By the late 1980s, momentum was growing to move away from institutional care and toward community-based living for people with developmental disabilities. In Washington State, that momentum was intensified by a reckoning with the conditions inside state-run institutions.

In 1987, federal surveyors decertified five of Washington’s six institutions for people with developmental disabilities from the Medicaid program, citing widespread failures to meet basic standards of care. This action exposed deep systemic problems and made clear that the institutional model was not ensuring the health, safety, or dignity of the people who lived there.

In response, Washington expanded funding for community residential services and tenant support, helping individuals with developmental disabilities live in stable housing within their communities rather than in large, segregated settings.
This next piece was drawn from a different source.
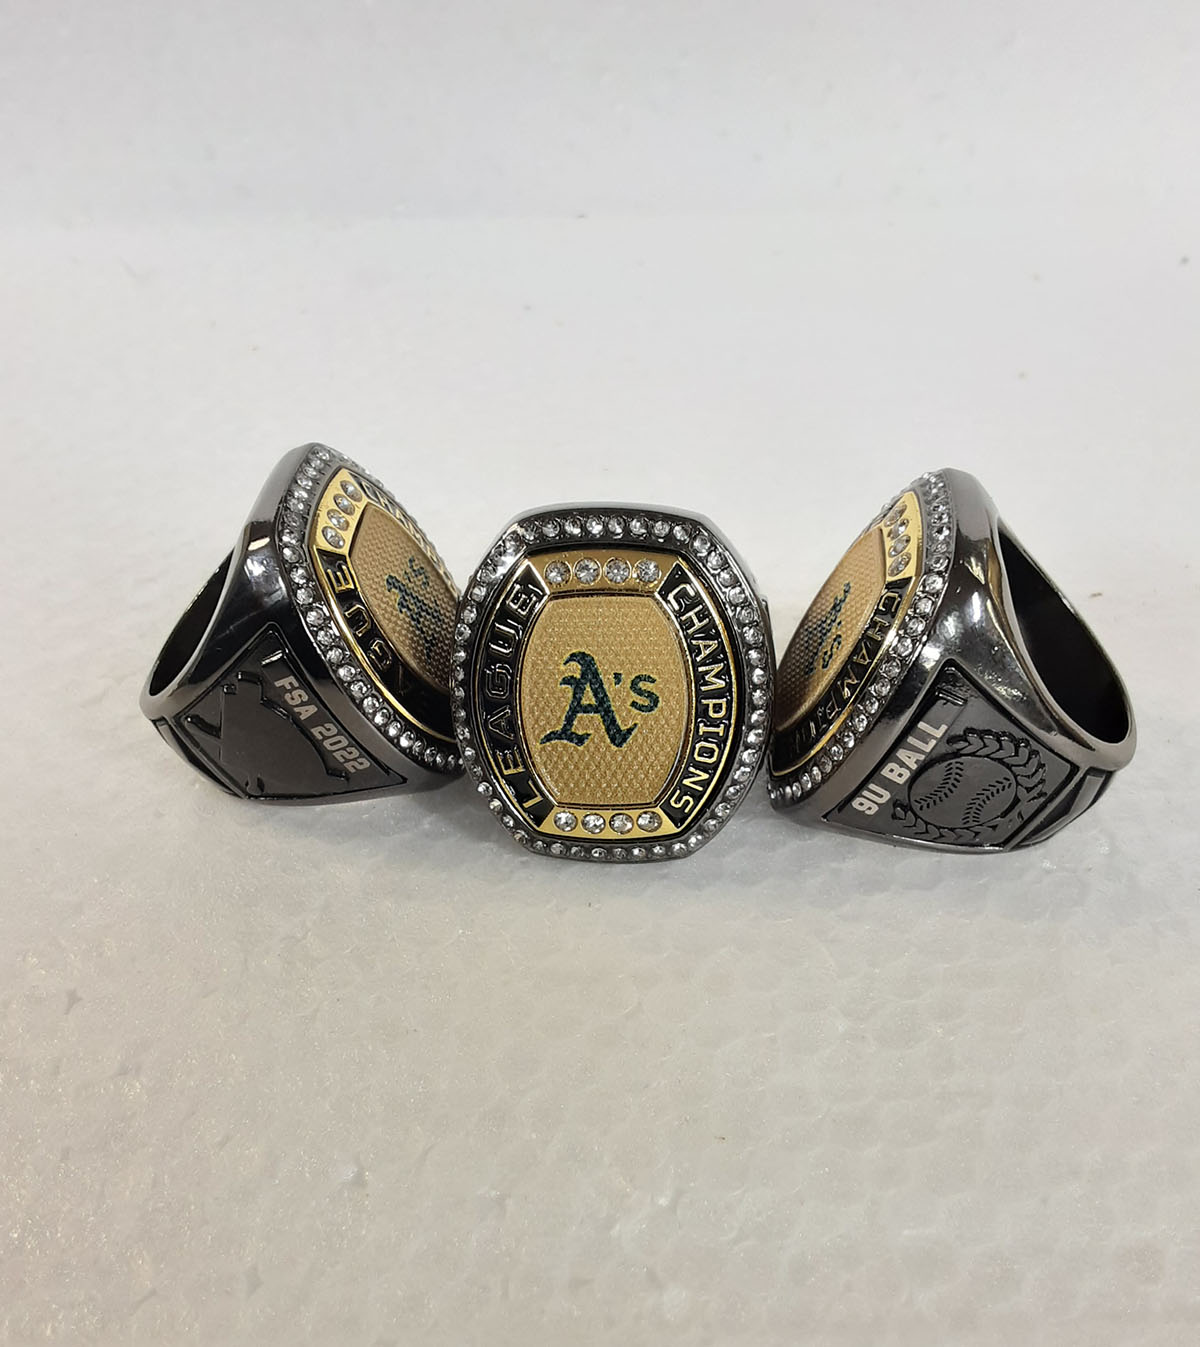 Girls and Women In Sports Championship Field Hockey Rings

At the same time, the state developed and adopted Residential Services Guidelines that set clear expectations for health and safety, protection from abuse and neglect, personal choice, relationships, and overall quality of life.
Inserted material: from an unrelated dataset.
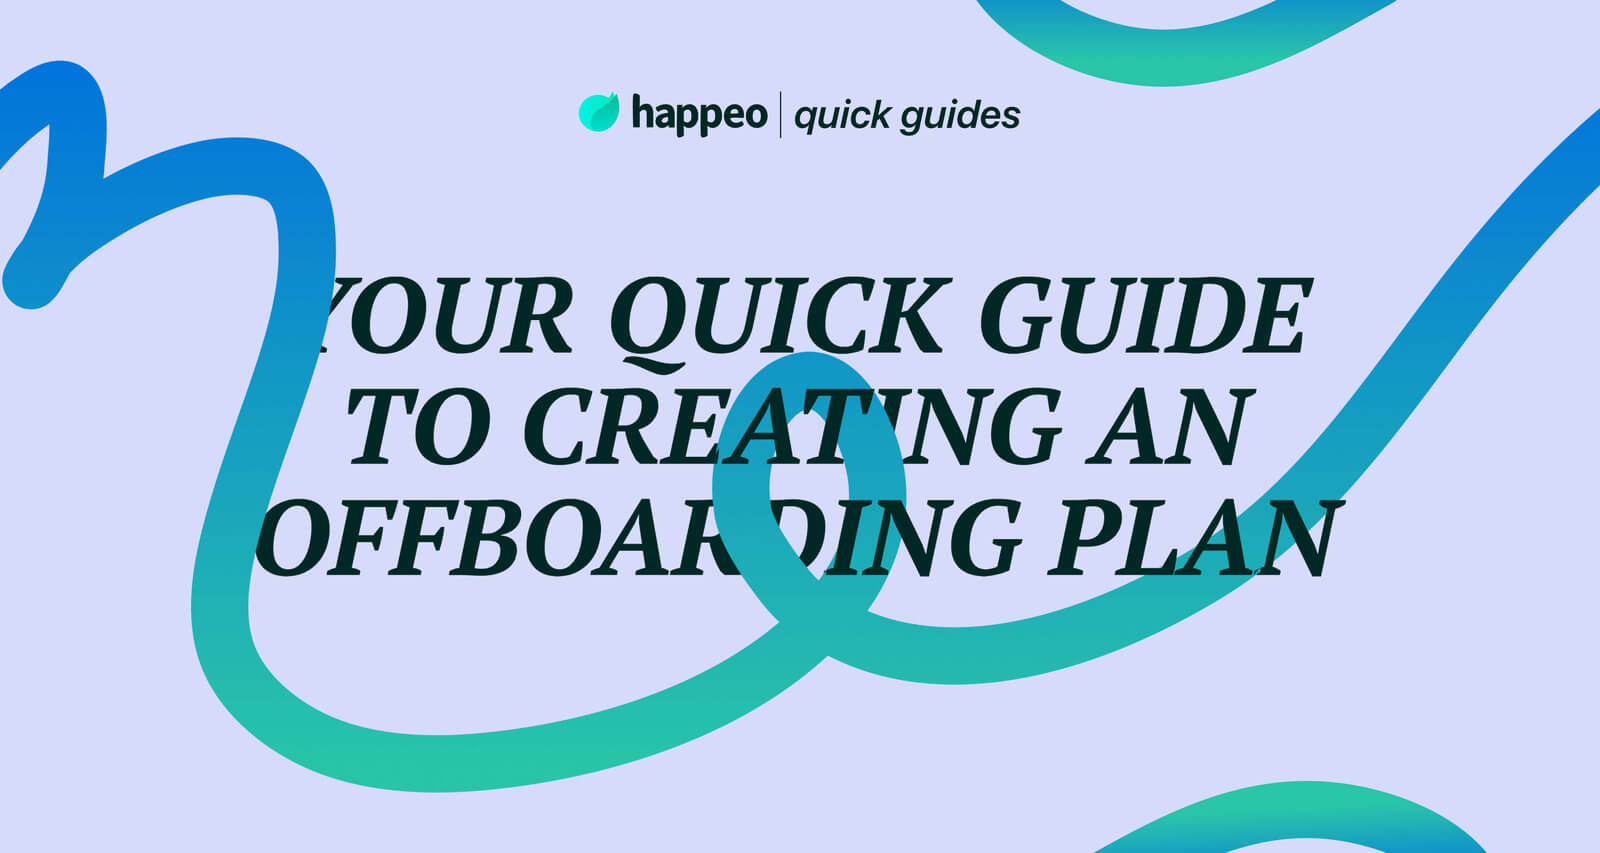 Your quick guide to creating an offboarding plan [incl. template]

The Washington State Developmental Disabilities Council was an active participant in the development of these Residential Services Guidelines, working alongside people with developmental disabilities, family members, service providers, advocates, and state agencies. This collaborative effort helped ensure that the guidelines reflected lived experience and emphasized individual rights, accountability, and community integration rather than institutional convenience.

Together, these changes marked a decisive shift in direction. Community living was no longer treated as an alternative or pilot approach, but as a necessary and more humane model of support. Individuals were increasingly supported as tenants and neighbors, with services designed around stability, independence, and participation in everyday community life.

The legacy of this work remains visible today. Washington’s supported living system and residential oversight standards grew directly out of this late-1980s turning point, when institutional failure and collaborative reform accelerated the state’s commitment to community-based supports.